By Gregory Keer
Today would have been my father’s 75th birthday. We had been planning to celebrate it for months and months prior to this date, July 12, 2014. Cancer had other plans, and it took him away from us on February 9 of this year, following a diagnosis less than four months earlier.
After my dad’s death, I took a hiatus from this Web site, partly in keeping with the advice he often gave me to try to slow down a bit more to gather in the details of life. But, on this day when it’s so very hard to be without him, I want to recognize the meaning he had for me in some fashion that feels right. Below is a version of the eulogy I gave at Dad’s funeral. It was surreal to be speaking about him in past tense when I said the words in front of the hundreds who came out to honor him that day. It still doesn’t feel quite real — and yet it is. Grieving is a long process, but remembering is forever, especially when it involves a man such as my father.
There are many reasons why I write. A number of them are because of my father. Dad, the man of science, was also a man of poetry. He wrote of moments and emotions in loving phrases to his luminous wife Franny and he etched in ink words of praise and vivid observation to all his children. He even wrote a children’s story about “Rollo,” a ball who learned to keep moving if he wanted to enjoy the world around him.
At times, I struggled to talk to my dad. There was the divorce, which took him away from daily opportunities to converse and he was needed by tens of thousands of patients over a 45-year career. Sometimes, I felt I couldn’t get enough of him. I certainly couldn’t get enough of him on the phone. My sister Kim can attest to my father’s dislike of the phone — often exhausted by work calls, Dad treated the receiver like it was one of Maxwell Smart’s shoe communicators that had come in contact with a pile of dog poop.
One of my motivations to write was to find ways to stop time, particularly in the hyperspace of adolescence, and tell my dad how much I loved him, how much I needed his words of validation. In my pre-teen and teen years, I wrote cards to him, with painstakingly chosen messages. It helped, especially since he wrote back cards to me, with sentences that never failed to reduce me to tears because they shone with such love and attention to the details of my concerns.
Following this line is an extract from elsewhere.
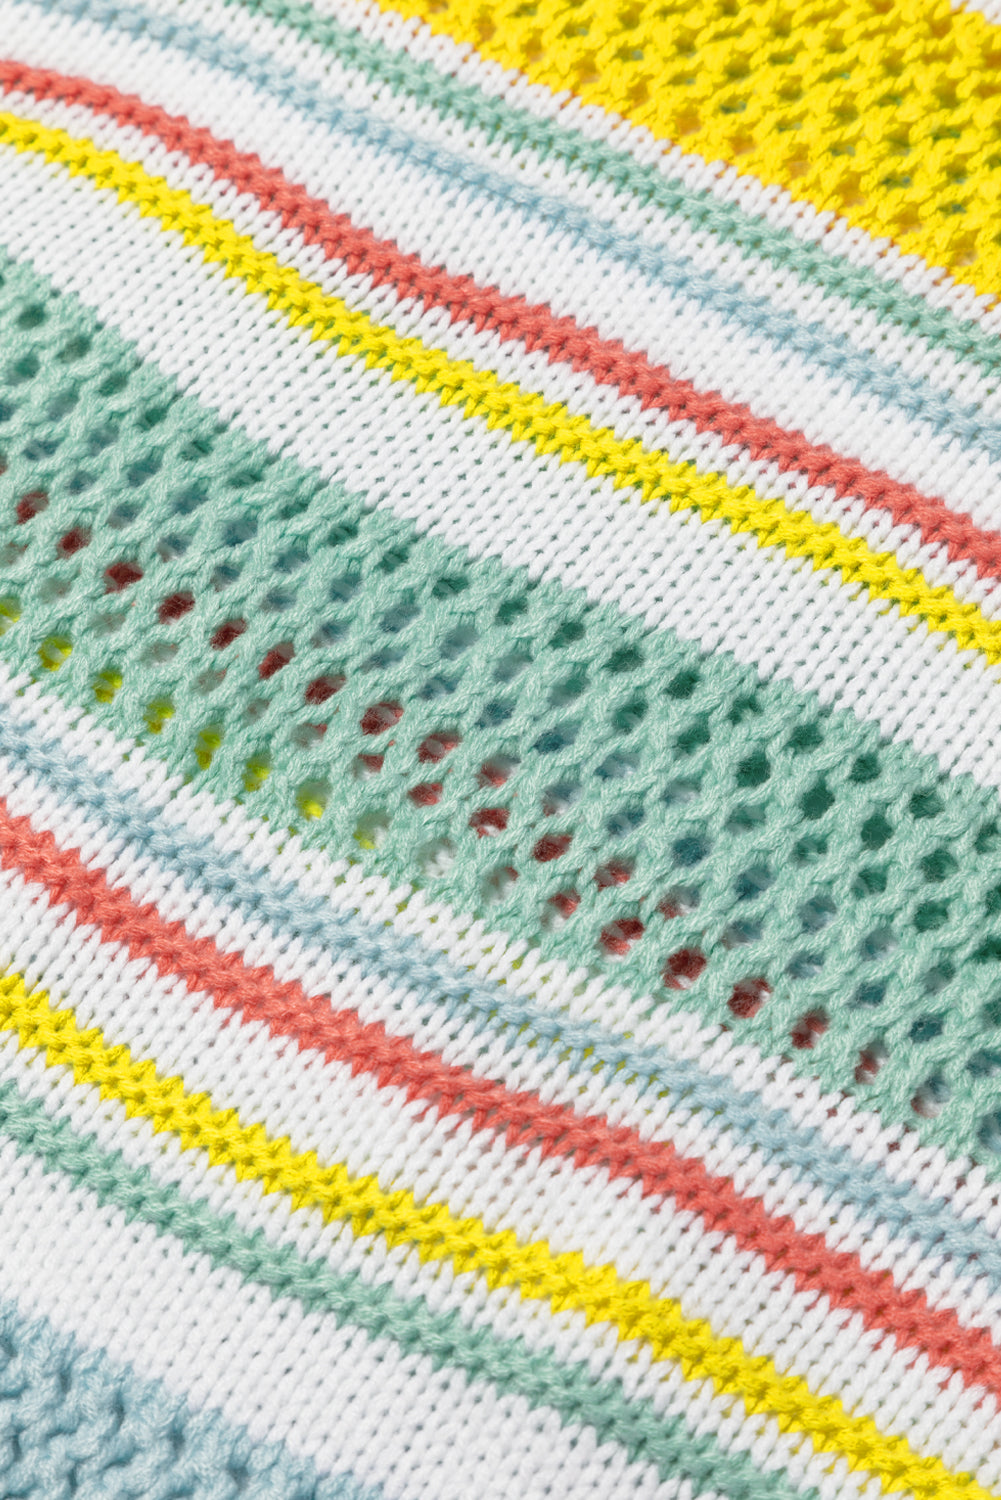 Pull multicolore à manches contrastées en tricot à rayures creuses

It was partly through my father’s writings that I was assured he was always thinking of me, crafting ways to guide me, even when he wasn’t talking out loud. They also showed me how much my dad preferred action over words. Dad was a doer, and the relationship we had over 47 years was less about chit chat or parental lecturing and more about playing basketball together, going to baseball games, and taking trips. So many trips to places like Chicago to see the grandparents, Philadelphia for father-son time, the Sierras for moments of hilarity with the Sussmans, Yosemite for one of many KJ adventures, Palm Desert with all the grandchildren, and Paris for a grown-up vacation with Franny – who, together with Dad, taught me so very much about love and partnership that I was able to find the most remarkable woman in Wendy. My God, there were so many vacations that he made happen so he could enjoy his loved ones without distractions.
Certainly, there were distractions, as there are in any life led in service to a community, that wedged between my dad and my efforts to get more words and attention from him. Often, when we were out at a supermarket together or a ballgame, he’d get approached by a patient who wanted to say hello to their favorite doctor. He was a bit of a celebrity, my dad, and I was known for 30-plus years as Dr. Keer’s son. It was a great coup for me one day when Dad called me up to tell me a student of mine came into the office and asked him, “Aren’t you Mr. Keer’s father?” Finally, I had turned the tables on him. And no one was prouder of it than Dad.
I wanted this speech to be funnier – Dad had such a great appreciation for humor — as he showed me through the tapes of Johnny Carson clips with legendary comedians, the afternoons of watching Mel Brooks movies, and his own goofiness and willingness to be poked fun at for his follicle-y challenged head, his bird-like legs, and his woefully underprivileged sense of rhythm.
But, I’m not feeling easily humored right now. I’m just beginning to miss him. I’m floating in the fog of all the subtle ways he enhanced my life through little gestures and a consistency of presence that I often took for granted. For a father of such carefully selected words and a son who never seems to shut up, we had one particular trip that was emblematic of our entire journey together. It was a weekend stay in San Francisco two years ago to see the Dodgers play the Giants, to eat great food since we both like that kind of thing, and to just — be — together. Not talking so much, just being.
He was really good at just being.
So, Dad, thank you for being with me. Thank you for being with all of us.